A sentença decidida foi de três meses de prisão para Emmeline e Sra. Drummond e de dez semanas para Christabel. O quarto capítulo se inicia dando sequência a esse episódio, com as três condenadas já na prisão. Emmeline diz que a primeira ação ao chegar na Holloway é convocar a presença do governador. Ela então, pede que as suffragettes presas sejam tratadas como criminosas políticas e não simples infratoras; e diz que se recusam a efetuar a troca de roupa na presença da carcereira e pede para que possam conversar com suas amigas. Os dois últimos pedidos foram atendidos. Mas, apesar de poder agora dividir celas, Emmeline acaba tendo que ser levada para o hospital devido as condições da prisão citadas anteriormente. Quando Christabel, Sra. Drummond e Emmeline foram libertadas, foi marcado um café-da-manhã onde Pankhurst avisa as companheiras de militância que elas devem insistir para ser tratadas como criminosas políticas.
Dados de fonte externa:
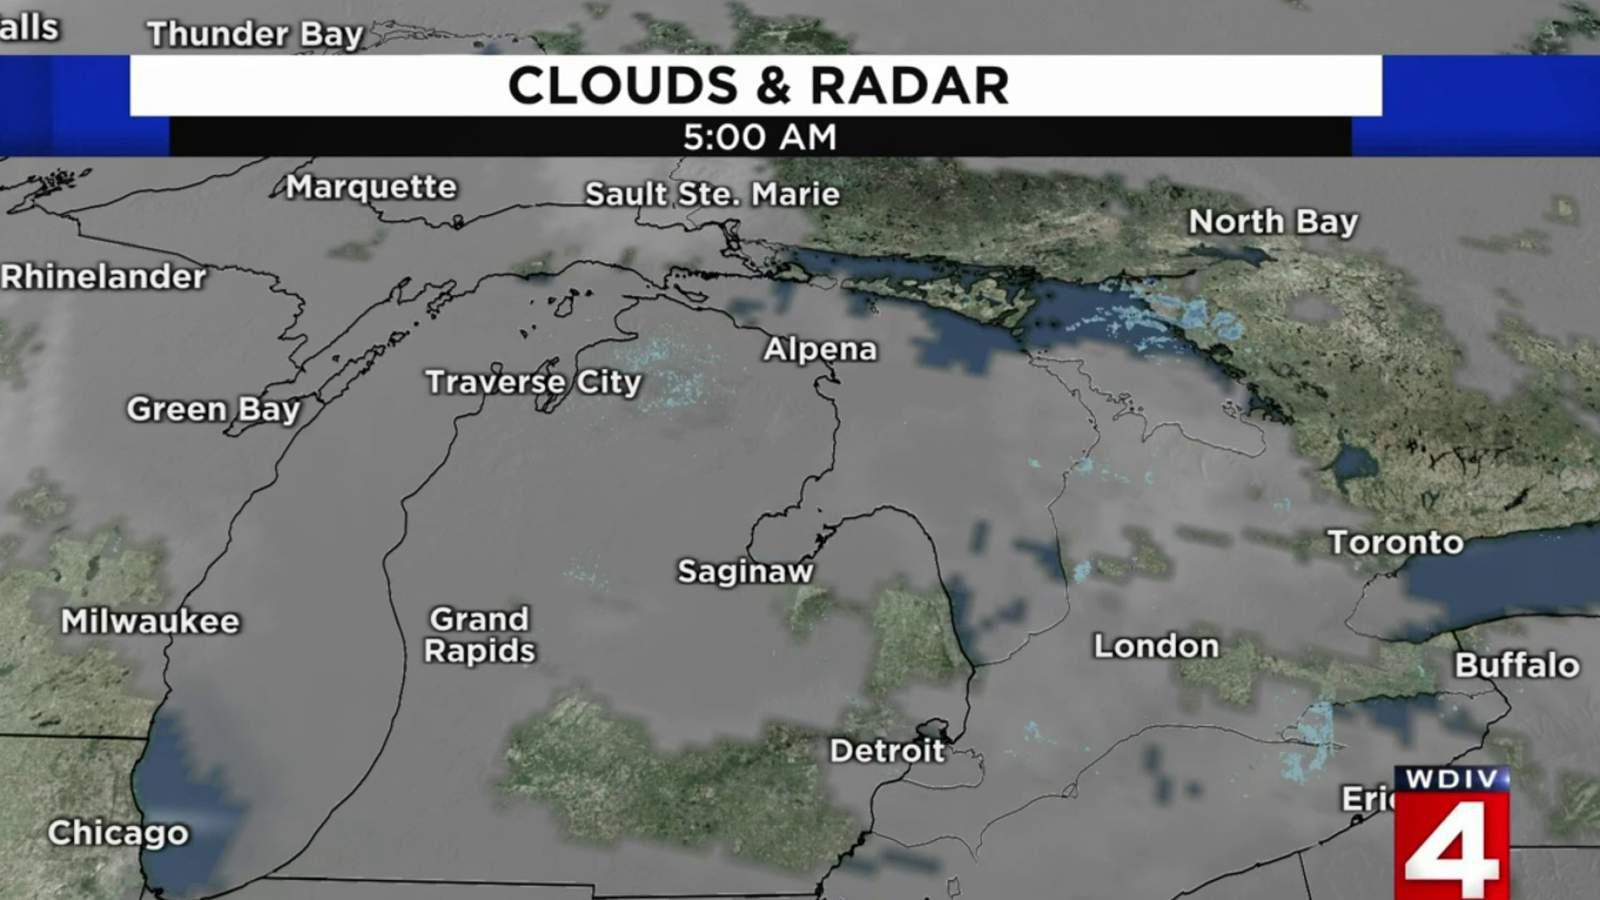 Metro Detroit weather: Pick your favorite shade of gray

O ano de 1909 iniciou-se agitado. Em 25 de janeiro, a WSPU faz uma manifestação onde quatro militantes foram presas, dentre elas a irmã de Emmeline, Sra. Clarke – esta informação é interessante pois é a primeira vez que o nome dela é citado. Um mês depois, o sétimo Women’s Parliament foi convocado para protestar contra a falta de menção das mulheres no discurso do Rei. Como era de se esperar, todas as envolvidas foram presas e sentenciadas de um a dois meses de prisão. Novamente Emmeline cita a luta das mulheres para não serem tratadas como simples presas e sim como criminosas políticas. 68

"I have seen [...] that men are encouraged by law to take advantage of the helplessness of women. [...] We women have presented larger petitions in support of our enfranchisement than were ever presented for any other reform; we have succeeded in holding greater public meetings than men have ever held for any reform, in spite of the difficulty which women have in throwing off their natural diffidence. [...] We have faced hostile mobs at street corners, because we were told that we could not have that representation for our taxes that men have won unless we converted the whole of the country to our side. Because we have done this, we have been misrepresented, we have been ridiculed, we have had contempt poured upon us, and the ignorant mob have been incited to offer us violence, which we have faced unarmed and unprotected by the safeguards which Cabinet Ministers enjoy. [...] we are determined to go on with this agitation because we feel in honour bound. Just as it was the duty of your forefathers, it is our duty to make the world a better place for women than it is to-day. [...] We are here, not because we are law-breakers; we are here in our efforts to become law-makers." (PANKHURST, 1914, p. 129)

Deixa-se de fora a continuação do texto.